Interview: Dr. Joshua Tucker on Bots and Regulating Social Media
At DisinfoLab, we track the activity of bot accounts on social media and seek to understand how narratives promoted by these accounts develop over time. In July, DisinfoLab sat down with Professor Joshua Tucker to discuss the relationship between social media and politics, and how bot accounts can play a role in shaping political narratives.
Joshua Tucker is a Professor of Politics at New York University, where he serves as the co-director of The Center for Social Media and Politics, an academic research institute that publishes policy-relevant research on the impact of social media in politics. Additionally, Professor Tucker is a co-author and editor of The Monkey Cage, a politics and policy blog at the Washington Post that promotes the work of political scientists within the national political conversation.
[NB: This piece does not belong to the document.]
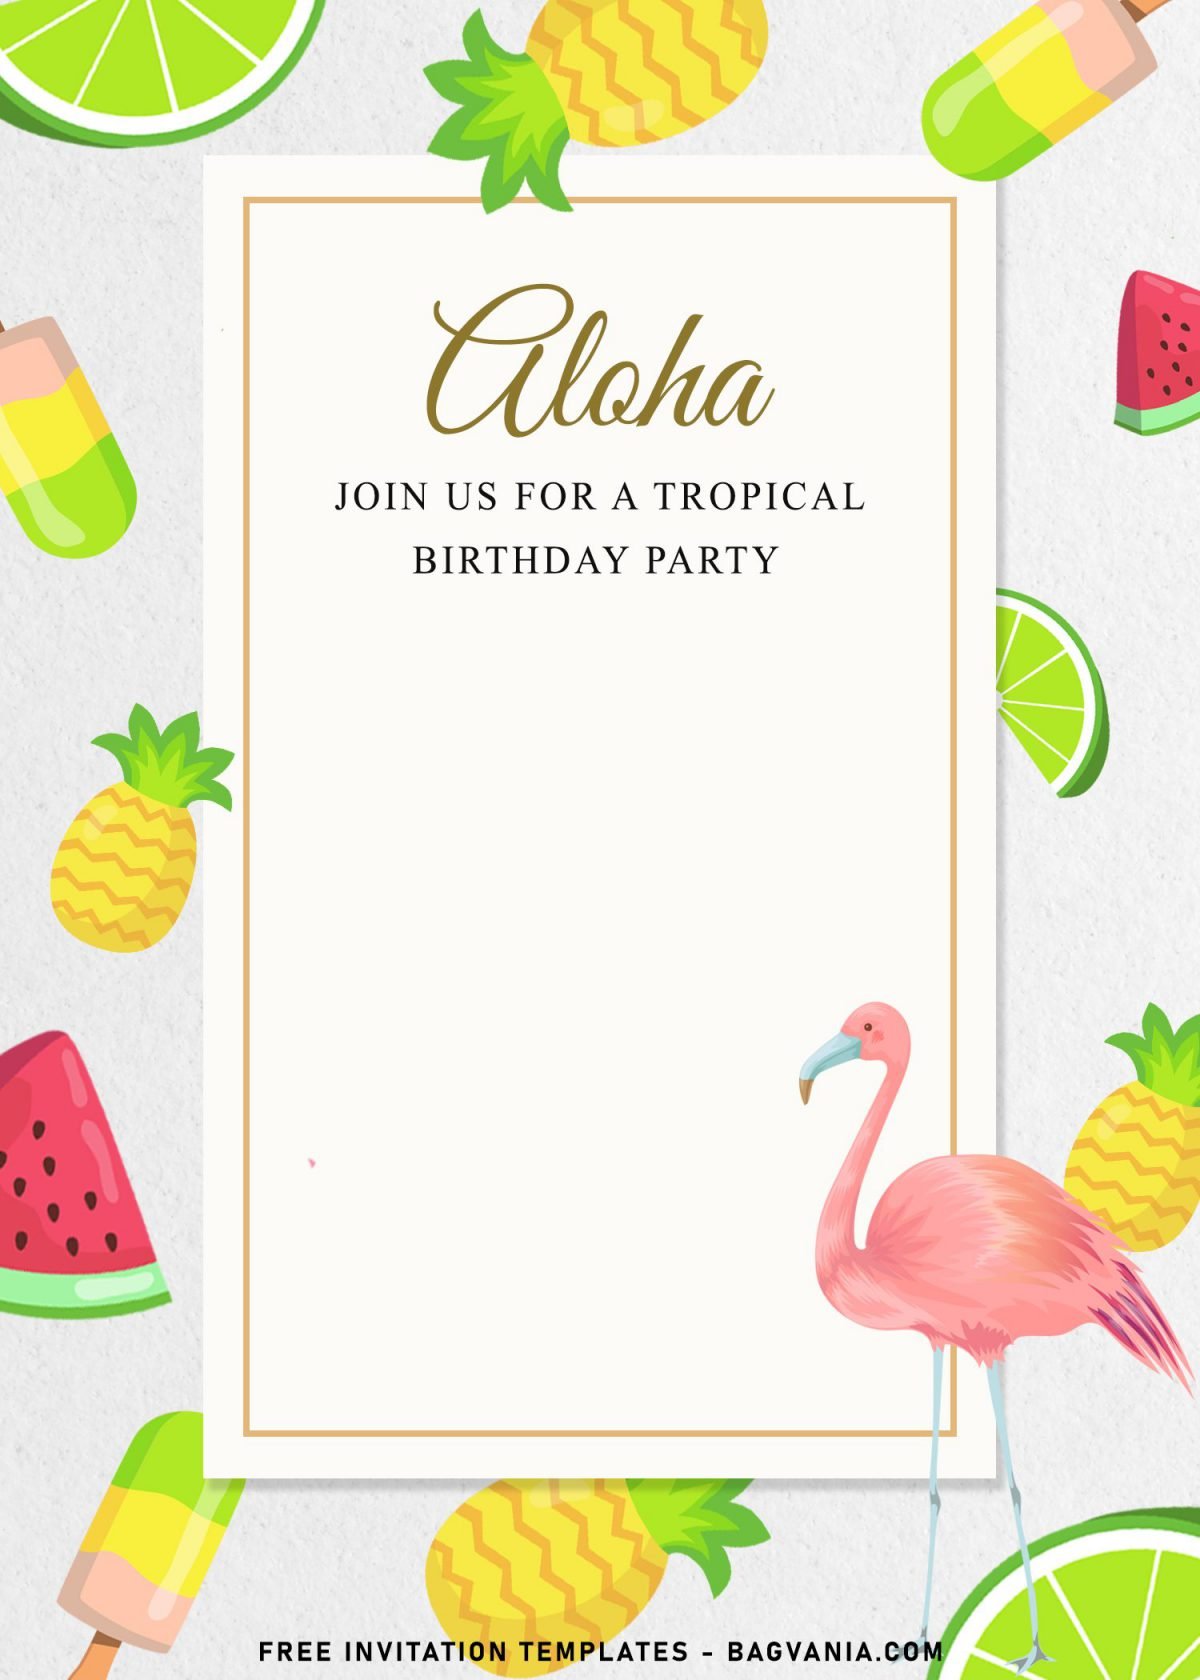 7+ Best Tropical Birthday Invitation Templates To Celebrate Your Kid's Birthday In Summer and has Watermelon

His current research provides critical context to the conversation surrounding democratic values in the digital political environment. Professor Tucker’s work spans a variety of areas, including network diversity, partisan echo chambers, online hate speech and protests, and Russian bots and trolls.
The following interview has been edited for clarity and length.
DL: Discussions of disinformation have taken center stage over the last few years and “bot” is a term that comes up very frequently. What exactly are bots, and what role do they play in politics on social media?
JT: Bots are fully automated accounts that produce content online that is governed by the use of algorithms. The algorithm itself produces the content as opposed to a human being sitting at a terminal and typing. We contrast that with a “troll,” which refers to an actual human being producing the content. Normally when we use the term troll, we’re referring to someone who has a false identity: they are pretending to be someone they're not. And then there's a third term, “cyborg,” which gets much less attention in the media, but probably explains a lot of these accounts. A cyborg would be an account where some of the content is produced by an algorithm and some of the content is produced by a human.
This brings us to a good point: bots themselves are neither inherently good nor bad. It depends on your research question. And it depends to what use they're being put to.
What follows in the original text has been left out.